Figure 4 from the NVIDIA H100 GPU Architecture whitepaper shows the extra performance boost enabled by the NVLink-Network.
All performance numbers are preliminary based on current expectations and subject to change in shipping products. A100 cluster: HDR IB network. H100 cluster: NDR IB network with NVLink-Network where indicated.

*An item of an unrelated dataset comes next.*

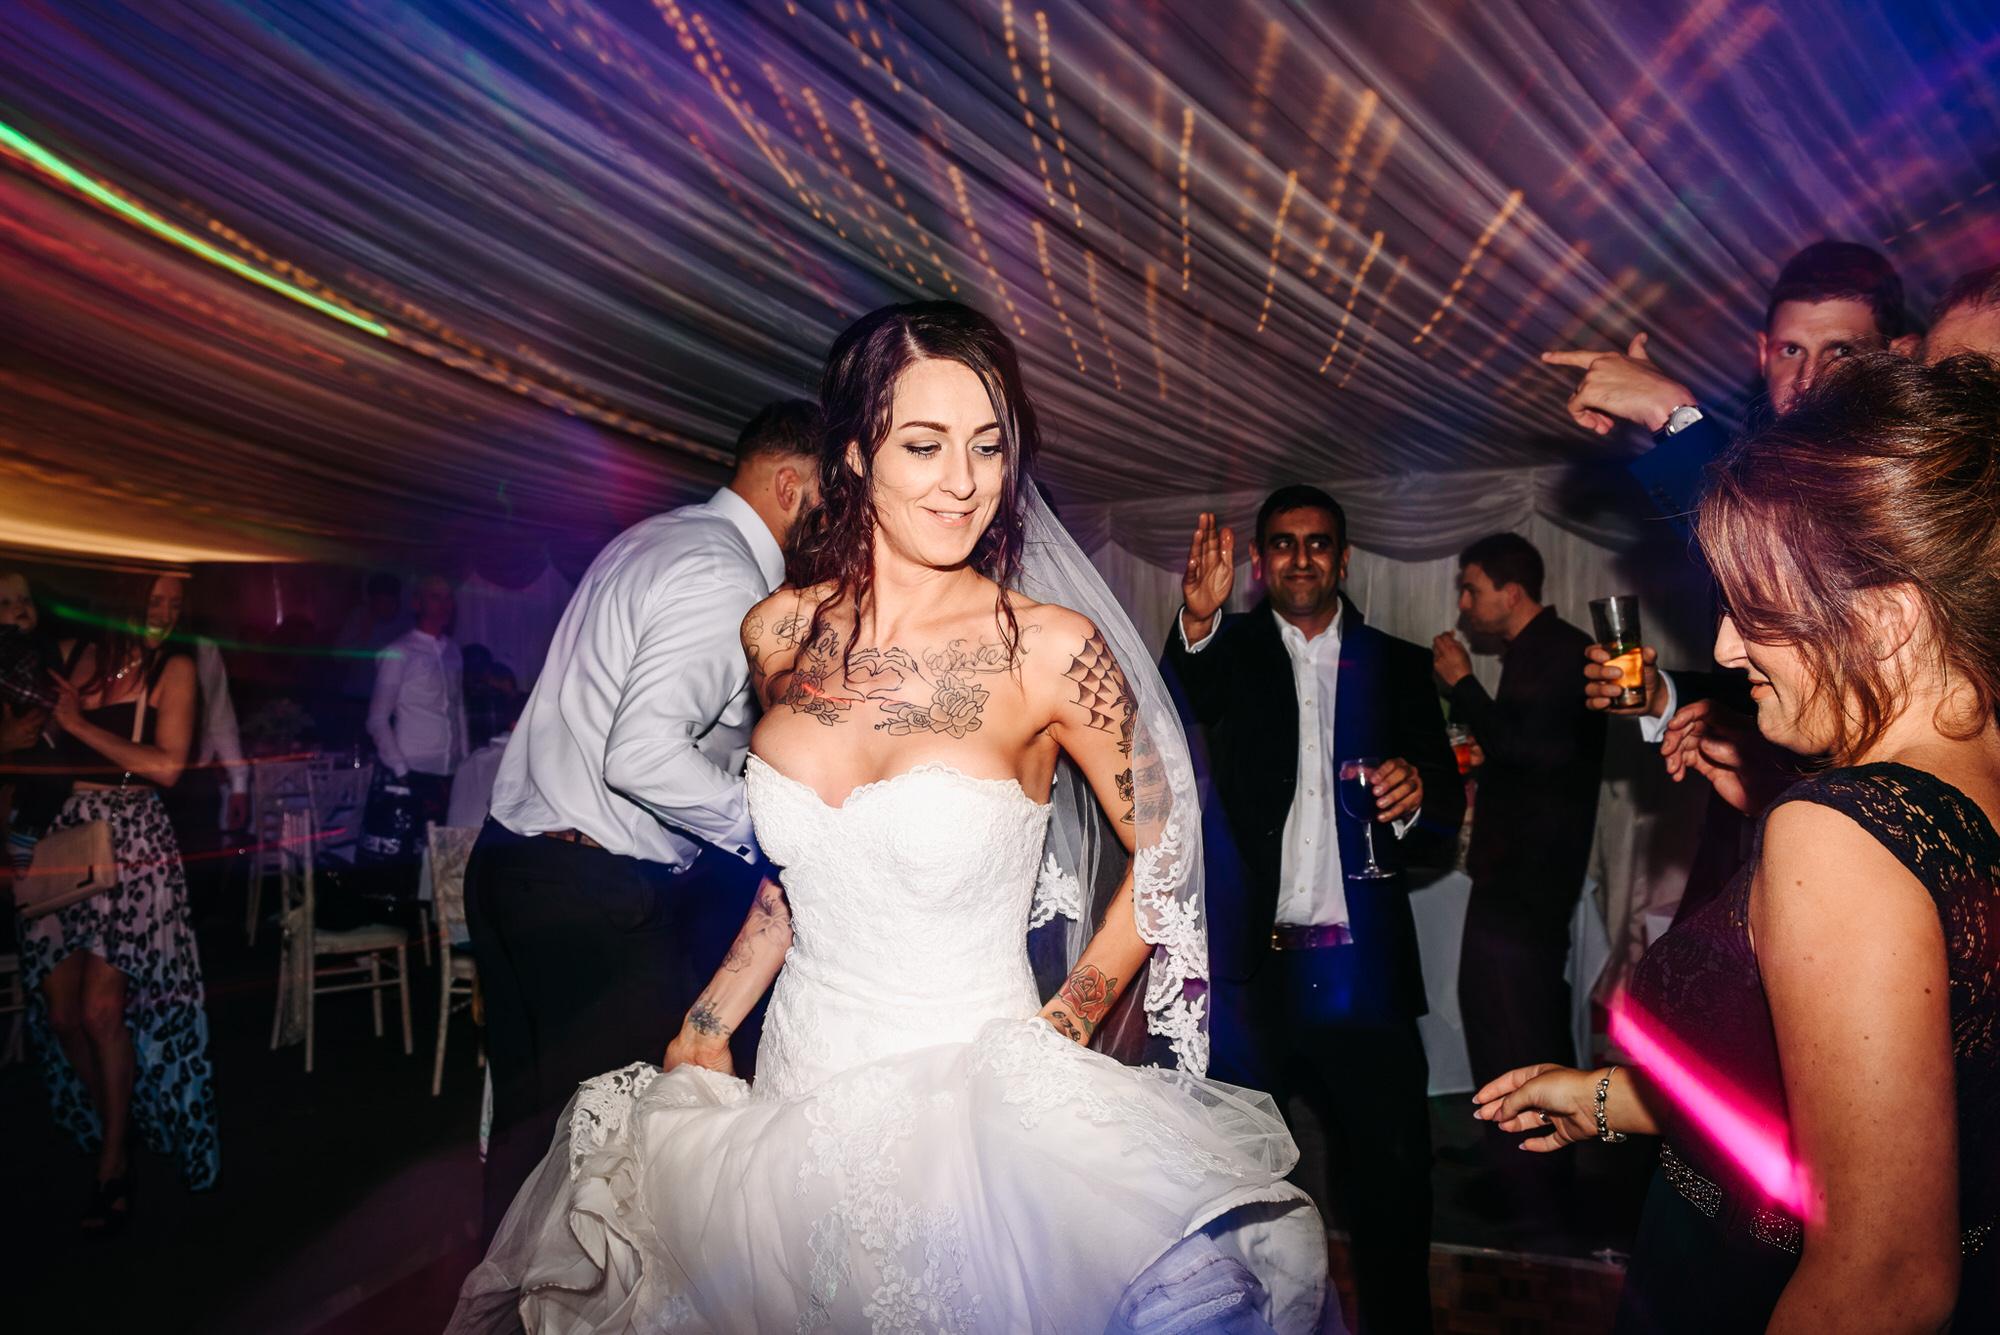 Best Of Yorkshire Wedding Photography 2017 - Martyn Hand-21.jpg

# GPUs: Climate Modeling 1K, LQCD 1K, Genomics 8, 3D-FFT 256, MT-NLG 32 (batch sizes: 4 for A100, 60 for H100 at 1 sec, 8 for A100 and 64 for H100 at 1.5 and 2sec), MRCNN 8 (batch 32), GPT-3 16B 512 (batch 256), DLRM 128 (batch 64K), GPT-3 16K (batch 512), MoE 8K (batch 512, one expert per GPU)
HGX H100 4-GPU
In addition to the 8-GPU version, the HGX family also features a version with a 4-GPU, which is directly connected with fourth-generation NVLink.
The H100-to-H100 point-to-point peer NVLink bandwidth is 300 GB/s bidirectional, which is about 5X faster than today’s PCIe Gen4 x16 bus.
The HGX H100 4-GPU form factor is optimized for dense HPC deployment:
- Multiple HGX H100 4-GPUs can be packed in a 1U high liquid cooling system to maximize GPU density per rack.
- Fully PCIe switch-less architecture with HGX H100 4-GPU directly connects to the CPU, lowering system bill of materials and saving power.
- For workloads that are more CPU intensive, HGX H100 4-GPU can pair with two CPU sockets to increase the CPU-to-GPU ratio for a more balanced system configuration.
An accelerated server platform for AI and HPC
NVIDIA is working closely with our ecosystem to bring the HGX H100 based server platform to the market later this year. We are looking forward to putting this powerful computing tool in your hands, enabling you to innovate and fulfill your life’s work at the fastest pace in human history.